At the time, this wasn’t a question scientists were comfortable asking. At least not out loud.
FRANK DRAKE: (Archival audio) I think I’m here to provide the comic relief to this shindig. (Laughter)
GWIN: Frank knew his audience. He knew this question would make them squirm, even giggle. But he also knew he had to ask it.
FRANK DRAKE: (Archival audio) The question as to whether there is intelligent life elsewhere in space has long fascinated people.
GWIN: Just how long people have been wondering about life out there is anyone’s guess. Looking up into the vast ocean of stars has made us wonder since, well, forever. But, as Frank addressed that group of physicists in 1960, the question still hadn’t been given any serious scientific attention.
FRANK DRAKE: (Archival audio) It has been properly left to the science fiction writers and other nonscientific groups simply because our technology was not capable of detecting any reasonable manifestation that could be expected from other civilized communities in space.
GWIN: The infinite magnitude of space that daunted—and even terrified—so many others at the time, appeared observable to Frank. What’s more, he asked others to observe it with him.
FRANK DRAKE: (Archival audio) In recent years, our astrophysical knowledge of the universe and our technology has advanced to the state where these questions can no longer be ignored by the scientists.
GWIN: And Frank Drake was one scientist who would no longer ignore it. In fact, at that very moment, he was on the cusp of the first ever scientific search for extraterrestrial intelligence— out at that remote site in the Allegheny Mountains, at a place called the National Radio Astronomy Observatory in Green Bank, West Virginia. It was a project that would challenge the boundary of what was considered unacceptable science.
FRANK DRAKE: (Archival audio) So this question of how many civilizations in space depends not only on the question of how many planets there are but on another very important question, and that is, Is there intelligent life on Earth? (Laughter)

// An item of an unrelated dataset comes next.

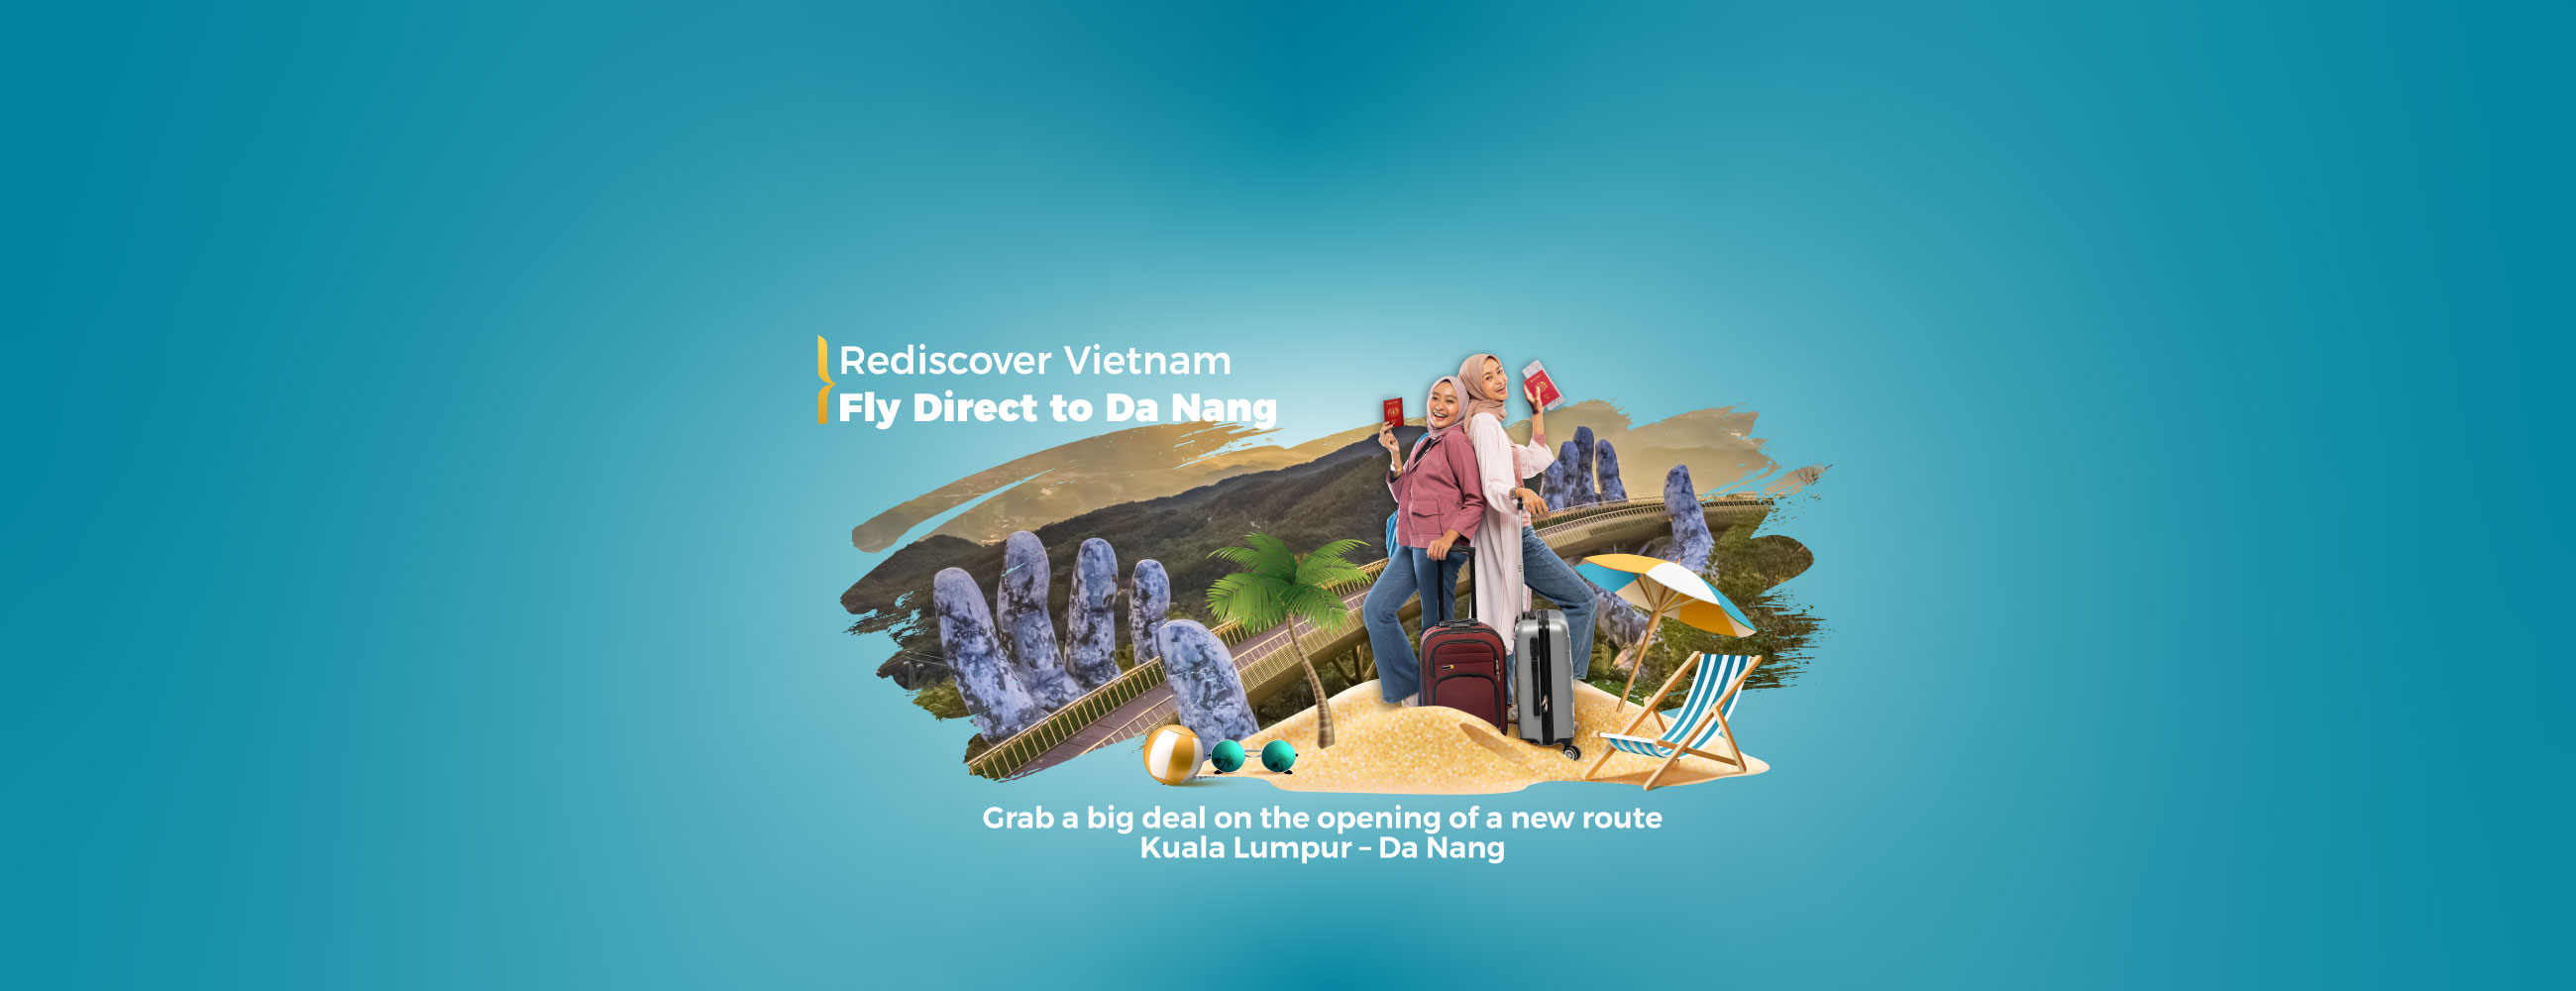 Mua vé máy bay sớm, săn vé máy bay giá rẻ cùng Vietnam Airlines

GWIN: Fortunately, Frank Drake did find intelligent life on this planet—specifically, 10 highly educated, rarefied beings who wondered if they, too, were alone in the universe. And they would gather at that observatory in Green Bank, West Virginia, the very next year on Halloween night.
And our age-old question about our place in the universe would be given new meaning.
I’m Peter Gwin, editor at large at National Geographic magazine, and you’re listening to Overheard, a show where we eavesdrop on the wild conversations we have here at Nat Geo and follow them to the edges of our big, weird, beautiful world.
This week we’re asking the big question. You know, the one that pops into your head
when you stare up into the night sky and wonder, Are we alone? But don’t worry, you’re in good company. Frank Drake has been giving people the tools to ponder this question for decades. Especially the people who are about to answer it.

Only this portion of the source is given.